[Problem statement] Repeat verbatim what the listing holds, but not its pictures.
---------- Information provided ----------
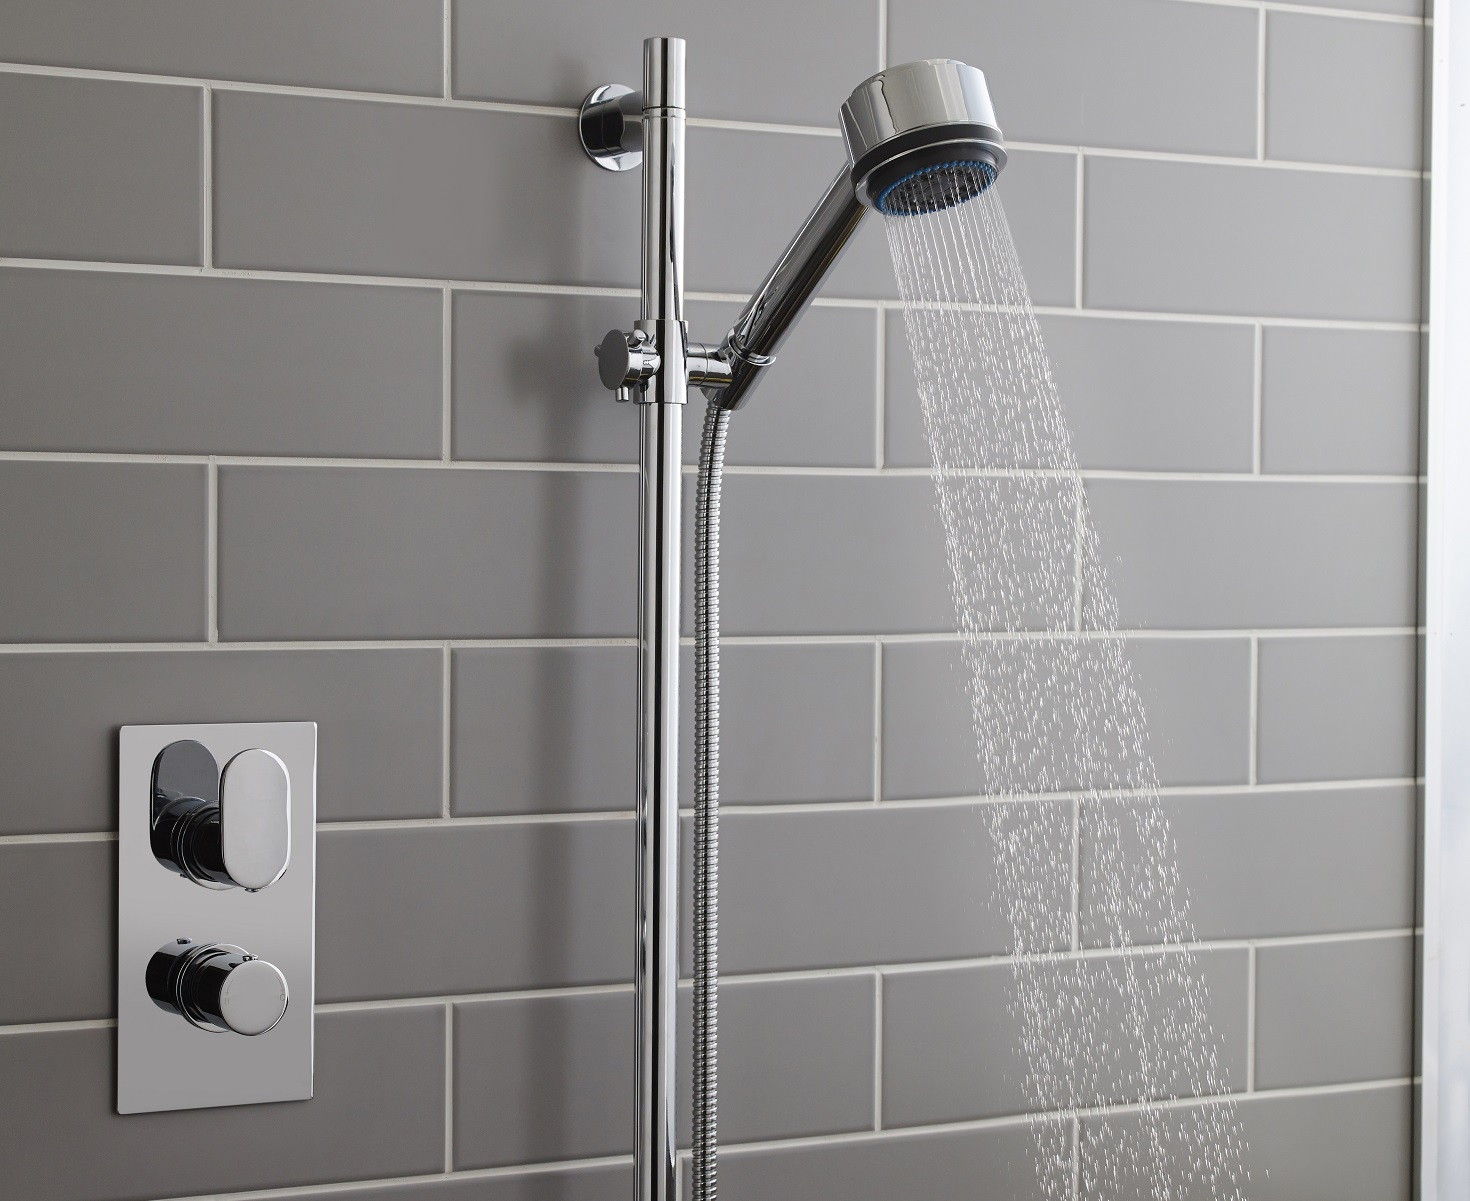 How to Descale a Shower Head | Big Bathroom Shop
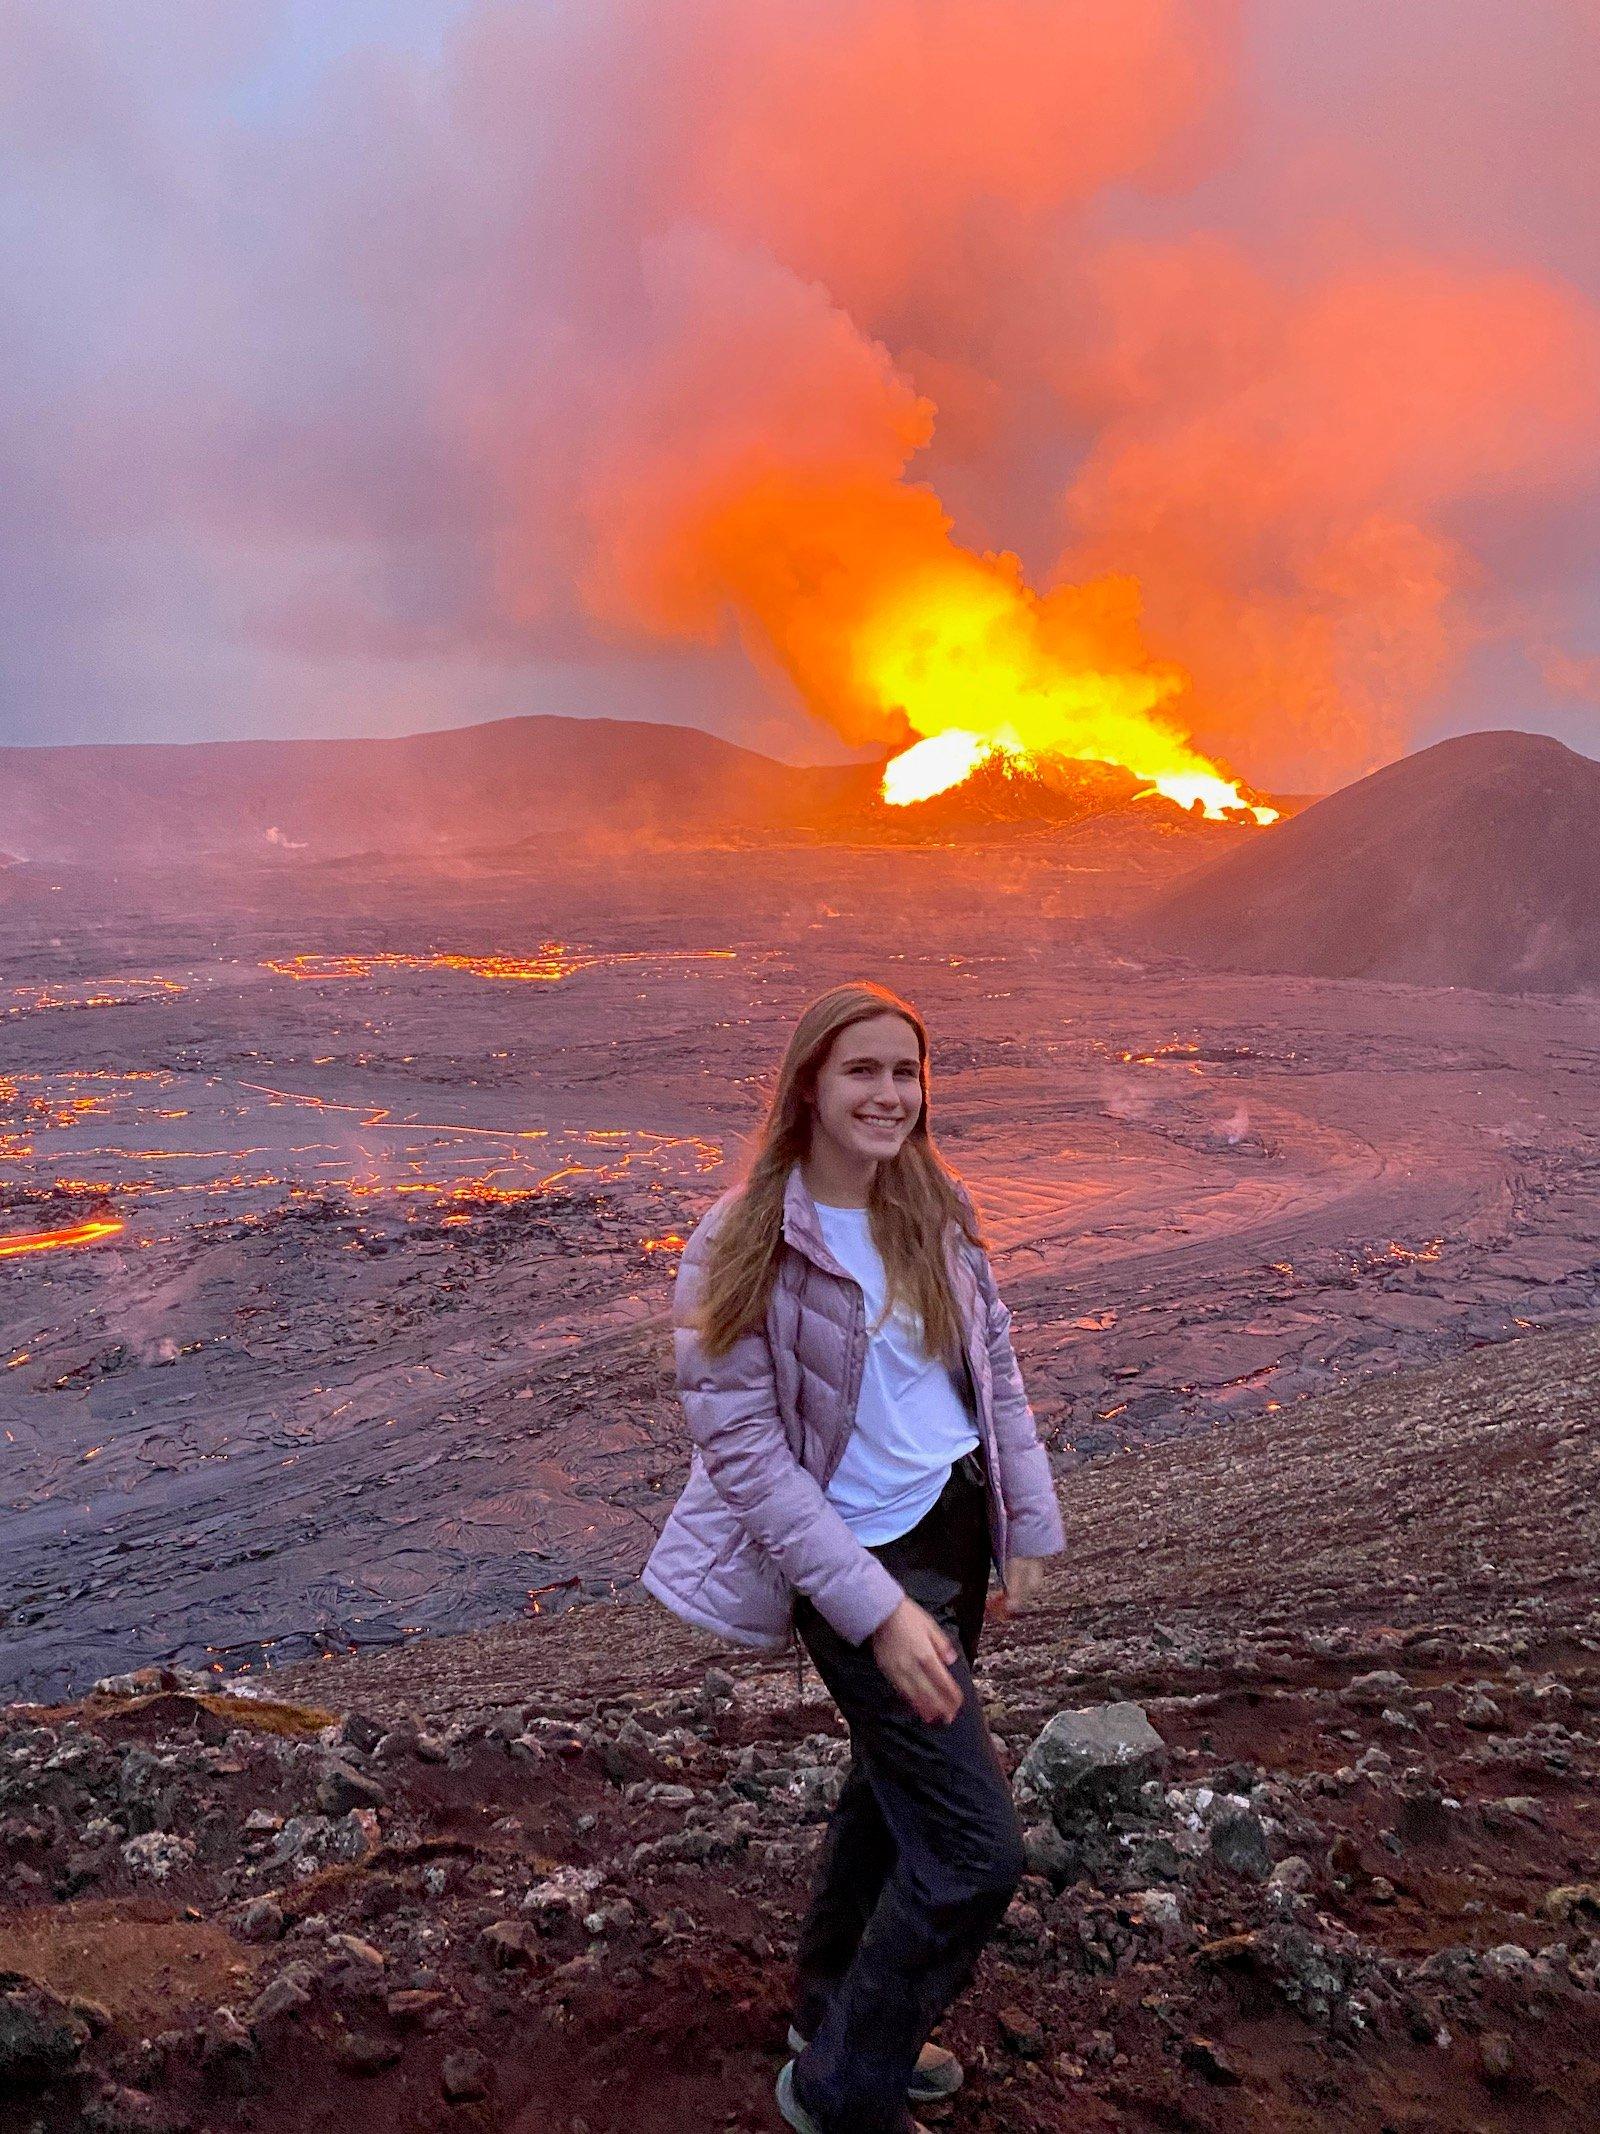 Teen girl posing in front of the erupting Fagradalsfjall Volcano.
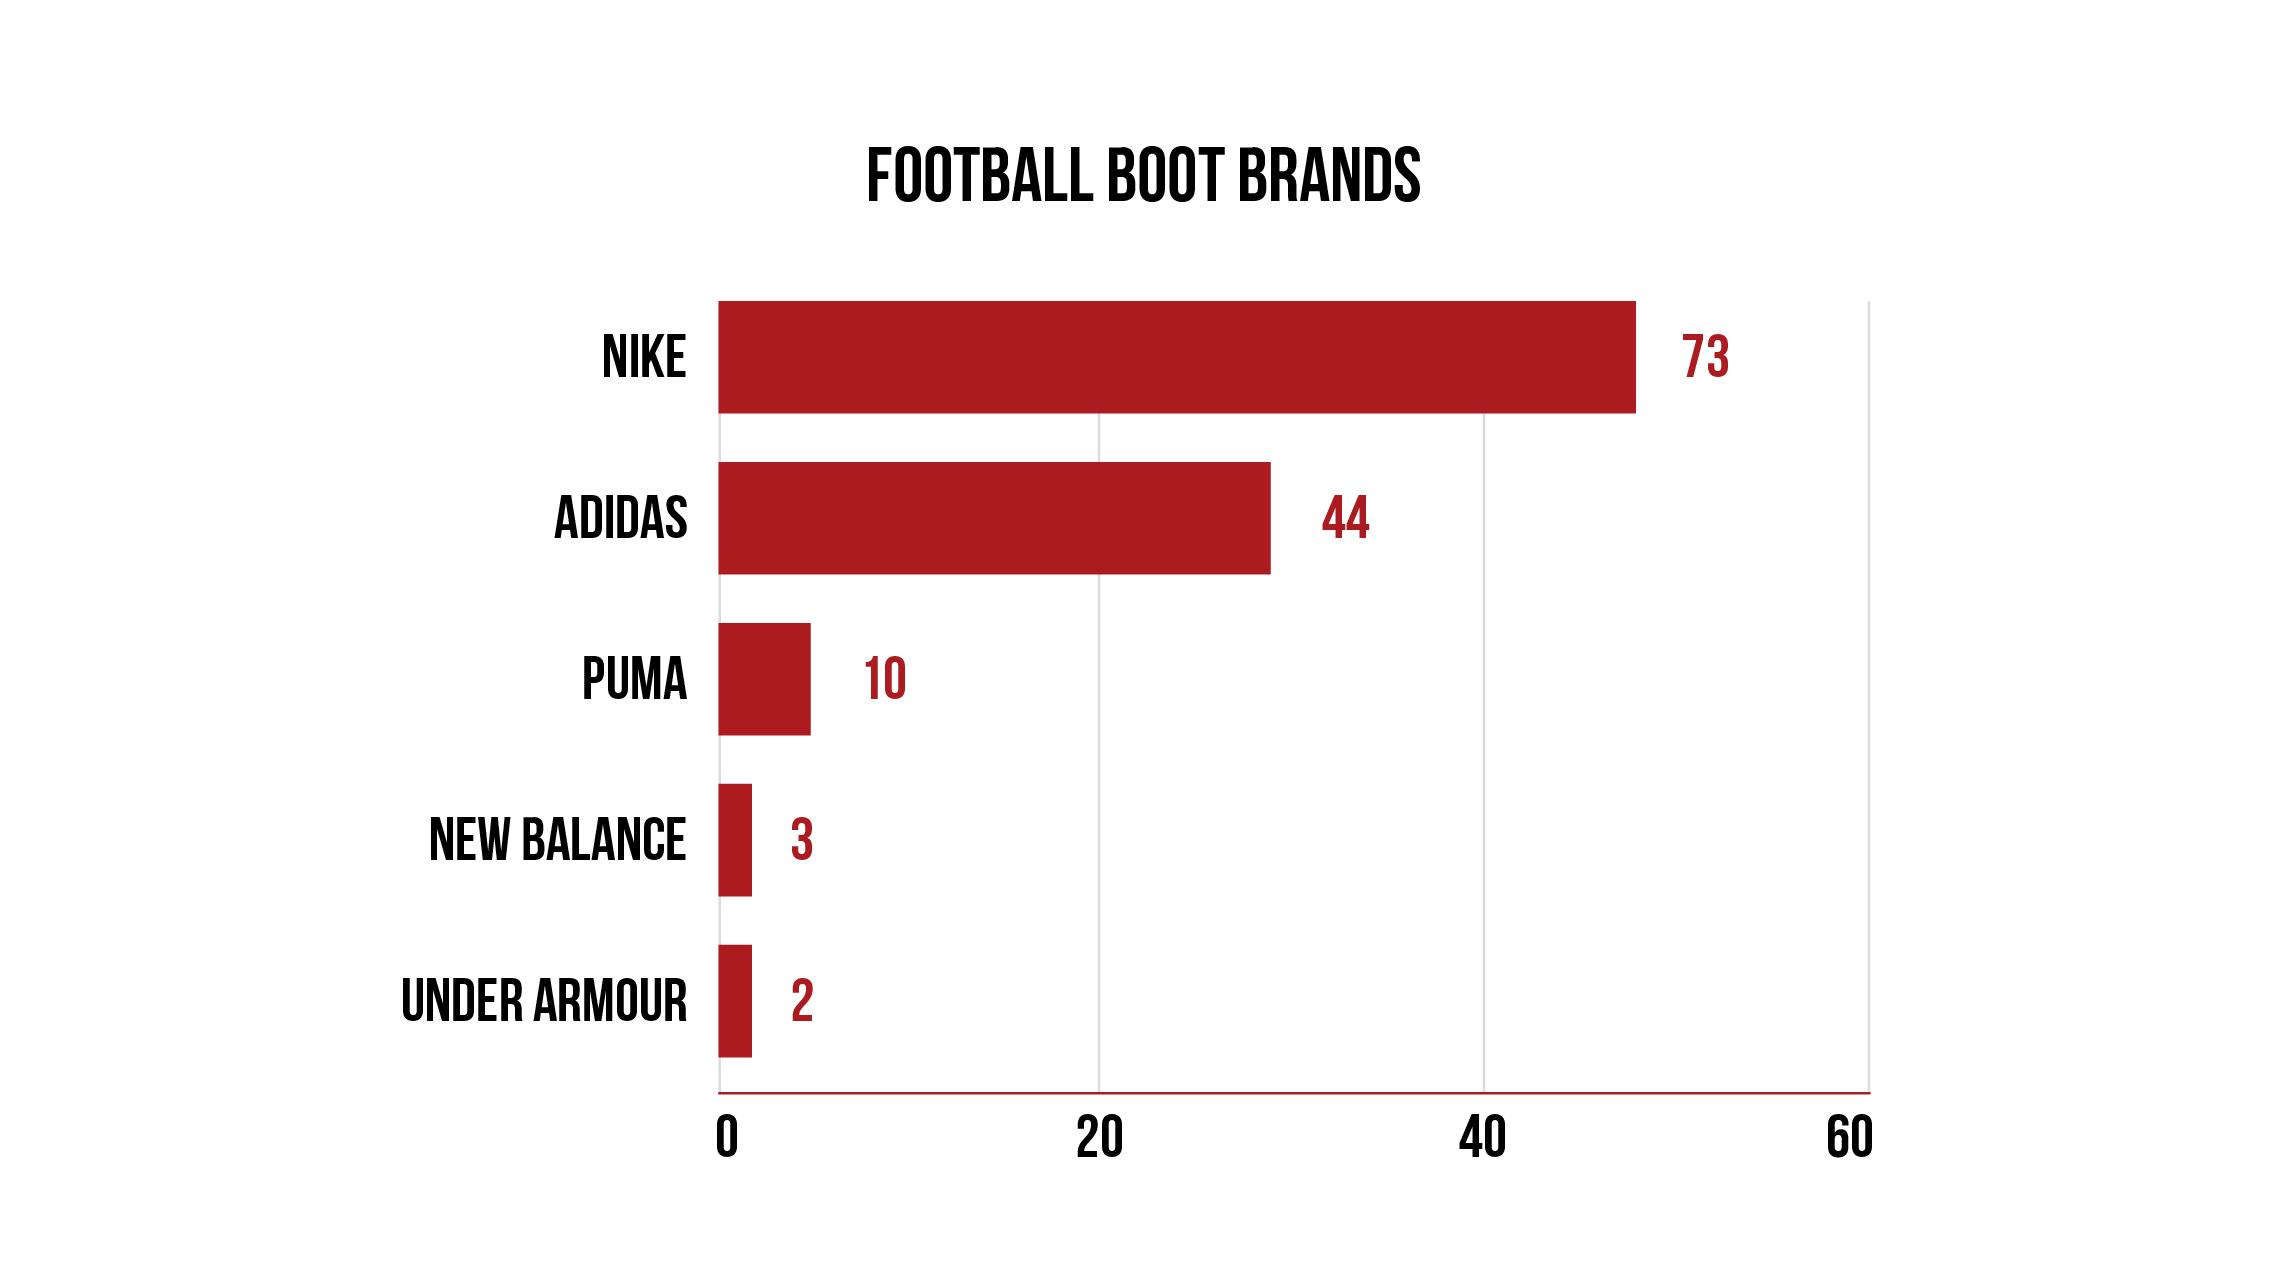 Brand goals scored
----------
[Expected answer]
 How to Descale a Shower Head | Big Bathroom Shop
 Teen girl posing in front of the erupting Fagradalsfjall Volcano.
 Brand goals scored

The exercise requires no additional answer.